Los primeros meses del gobierno de Rodrigo Paz Pereira están produciendo una sensación (no siempre bien justificada) de reorganización institucional y saneamiento económico. Sin embargo, a mediano y largo plazo tal sensación puede ser negativa, ya que, como saben los politólogos y buenos ciudadanos, la democracia debe ser vigilada y construida día a día. Pues no es un secreto que varios sectores sociales de Bolivia no abrigan ni practican valores democráticos, tales como la tolerancia frente a lo que es diferente o el debate razonado. Y la verdad es que la democracia pluralista no es bien comprendida ni está bien asentada en grandes mayorías tanto de oriente como de occidente.

En los Estados sucesores del extinto Imperio español, la democracia era una flor muy frágil plantada en un terreno pedregoso; desde el principio tuvo que hacer frente a caudillos populistas y demagogos y grupos sociales radicales (sindicatos, movimientos sociales, etc.). A menudo los cambios de régimen no trajeron consigo ni estabilidad ni una dirección política coherente y a largo plazo; muchos de los gobiernos democráticos (o, para hablar con más precisión, emanados de las urnas), como el del MIR o el del MAS, resultaron corruptos y, a ojos de gran parte de la población, ineficientes, pues ponían los intereses del partido por encima de los del país. Con partidos de derechas y de izquierdas escindidos y turbulentos en su seno y con partidos populistas (como la UCS o Condepa) sin planteamientos políticos responsables ni norte claro, el futuro parecía poco prometedor.
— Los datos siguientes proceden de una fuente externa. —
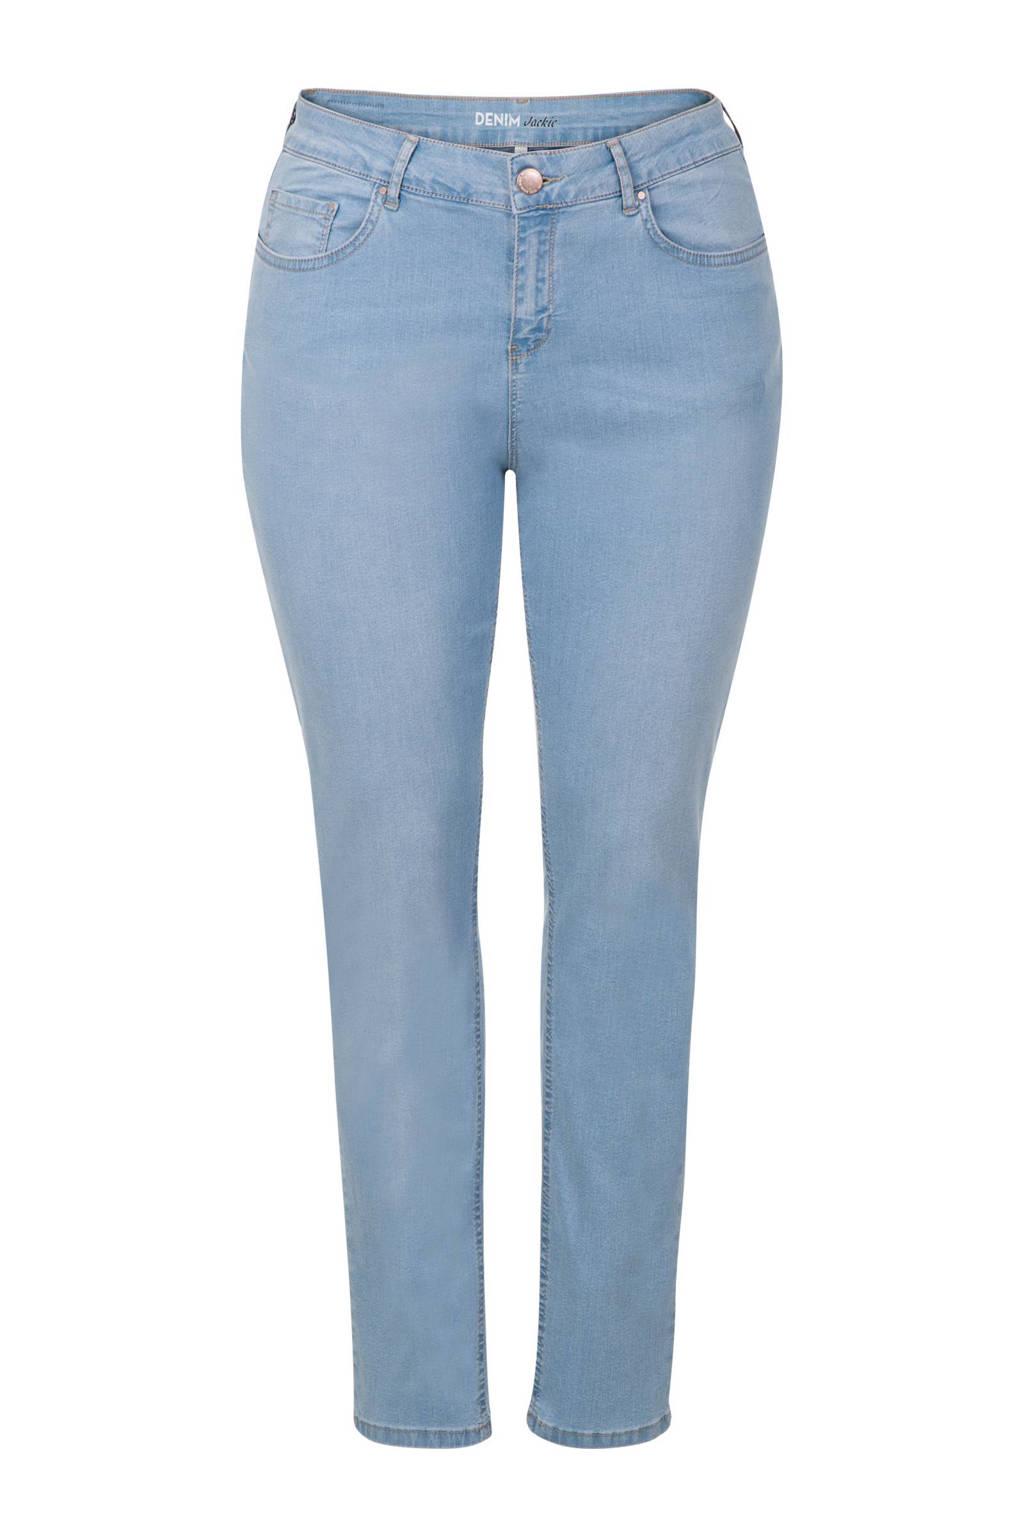 Miss Etam Plus high waisted slim fit jeans (32 inch), Light denim

No obstante, no hay que ser tan pesimistas. Aunque a los tumbos, con cimientos inseguros y muchas veces como simple fachada, la democracia se ha ido abriendo paso a lo largo de la historia, sobreviviendo pese a traumáticos eventos como la Guerra del Chaco, el pseudototalitarismo de la Revolución Nacional, las dictaduras de los 60, 70 y 80, la Guerra del Gas o los hechos de 2019. En muchos momentos, dio la impresión de que Bolivia estaba al borde de una guerra civil o del golpe de Estado militar, ya que la gente creía que la democracia era un sistema blando, afeminado o pusilánime; entonces se hablaba (¿se habla aún?) de una “mano férrea que nos saque de todo esto”. No es extraño, pues, que en ambientes de caos o incertidumbre la gente prefiera el autoritarismo ordenador antes que las asambleas donde estúpidas mayorías deciden ligera o irresponsablemente el futuro de la sociedad. Pero, con todo, salvo excepciones, lo que se materializó fue la supervivencia de una democracia (eso sí, débil, pero democracia al fin) que ni la derecha extrema ni la izquierda revolucionaria pudieron derrocar definitivamente.
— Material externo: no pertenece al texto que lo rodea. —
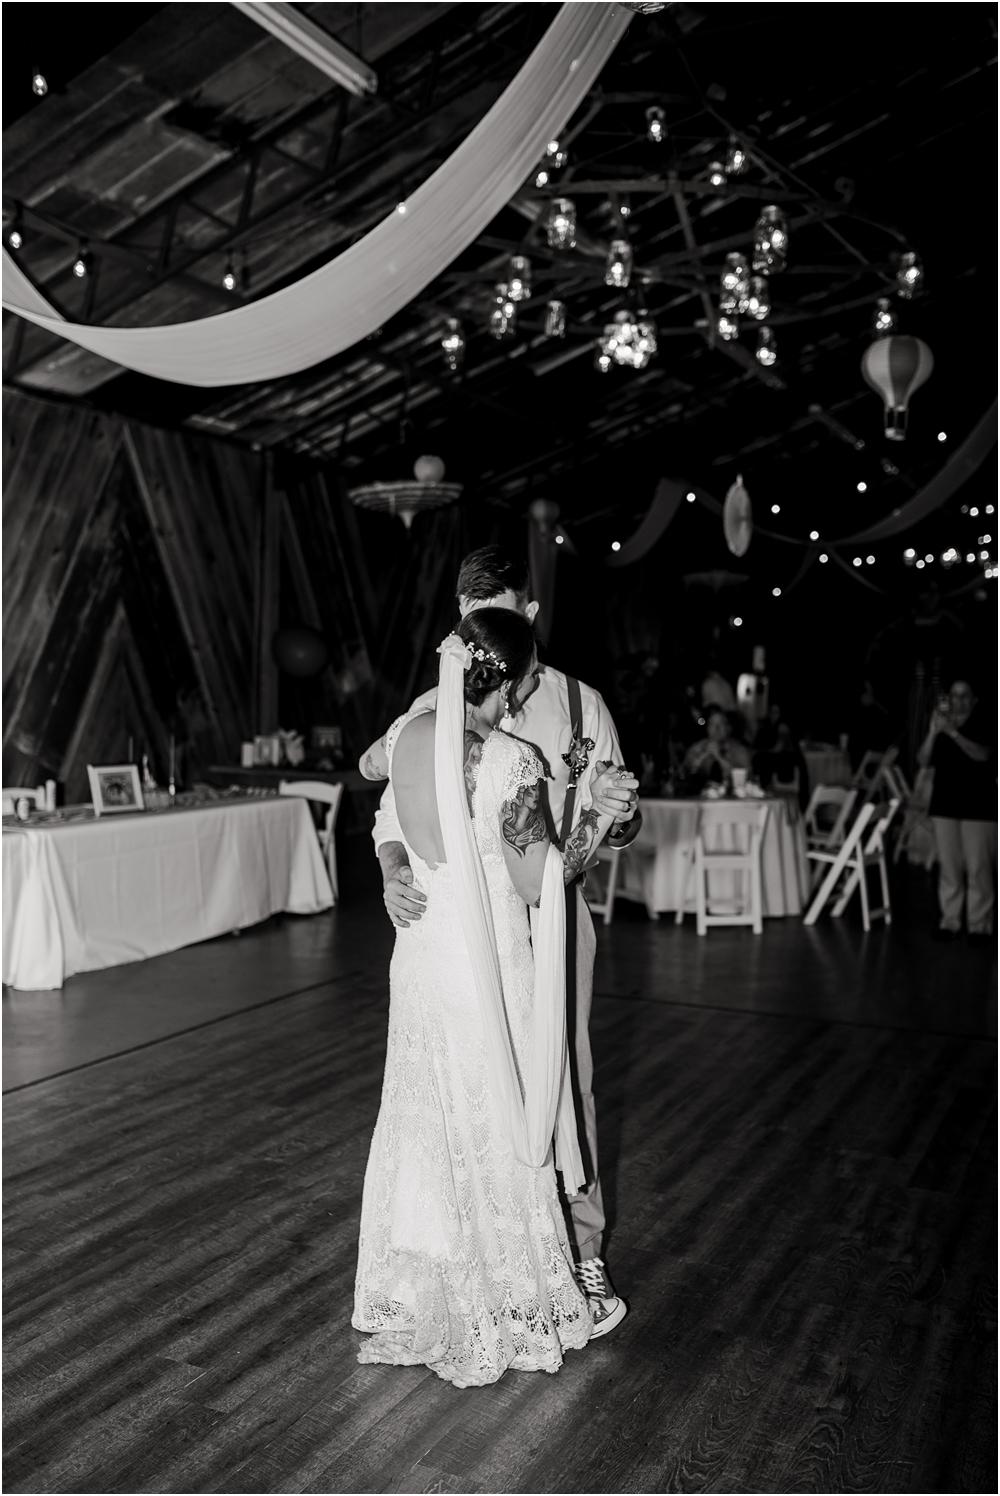 the-barn-at-wateroaks-circus-florida-wedding-photographer-kiersten-stevenson-photography-116.jpg

Empero, hay que reconocer que gran parte de la población aún se mantiene en un estado de ignorancia en temas como Estado de derecho, pluralismo, igualdad ante la ley, tolerancia y respeto del proyecto de vida del Otro, y esa realidad de ignorancia, hoy aparentemente encapsulada por la sensación que está produciendo el gobierno, podría estallar mañana si este no gobierna bien, a saber, administrando con inteligencia la economía, evadiendo la corrupción y ordenando la burocracia nacional.
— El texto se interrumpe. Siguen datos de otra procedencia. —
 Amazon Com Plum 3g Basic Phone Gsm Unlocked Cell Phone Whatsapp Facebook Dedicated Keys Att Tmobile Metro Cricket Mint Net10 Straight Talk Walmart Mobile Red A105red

Como enseña la historia, la actual sensación de paz puede ser un arma de doble filo si se deja de lado la pedagogía democrática, que siempre fue débil en Bolivia. Para aquella, hay poco terreno en los partidos políticos actuales. ¿Puede ser democrático un Estado cuando la oposición al gobierno no está en el Parlamento, sino en las calles o las carreteras? Las manifestaciones populares en las ciudades, los bloqueos de caminos o los cabildos en el oriente, elogiados por muchos, ¿no son en realidad síntomas de un Parlamento que no está siendo útil para pacificar, hallando consensos a través del debate de la representación? ¿No son más bien signos de una madurez política que aún no cuaja o de que la relación del ciudadano medio con el poder se da por vías de hecho y no de derecho?

Este momento de relativa paz debe ser tomado con cautela. ¿Bolivia está ante un comienzo luminoso o sencillamente en un paréntesis entre dos tormentas? La democracia boliviana, construida sobre arenas movedizas, ¿está garantizada? Hay que tener presente que la democracia puede morir no solo por un golpe de Estado, sino también por la apatía crónica de una sociedad que se conforma con un saneamiento económico, pero no cívico.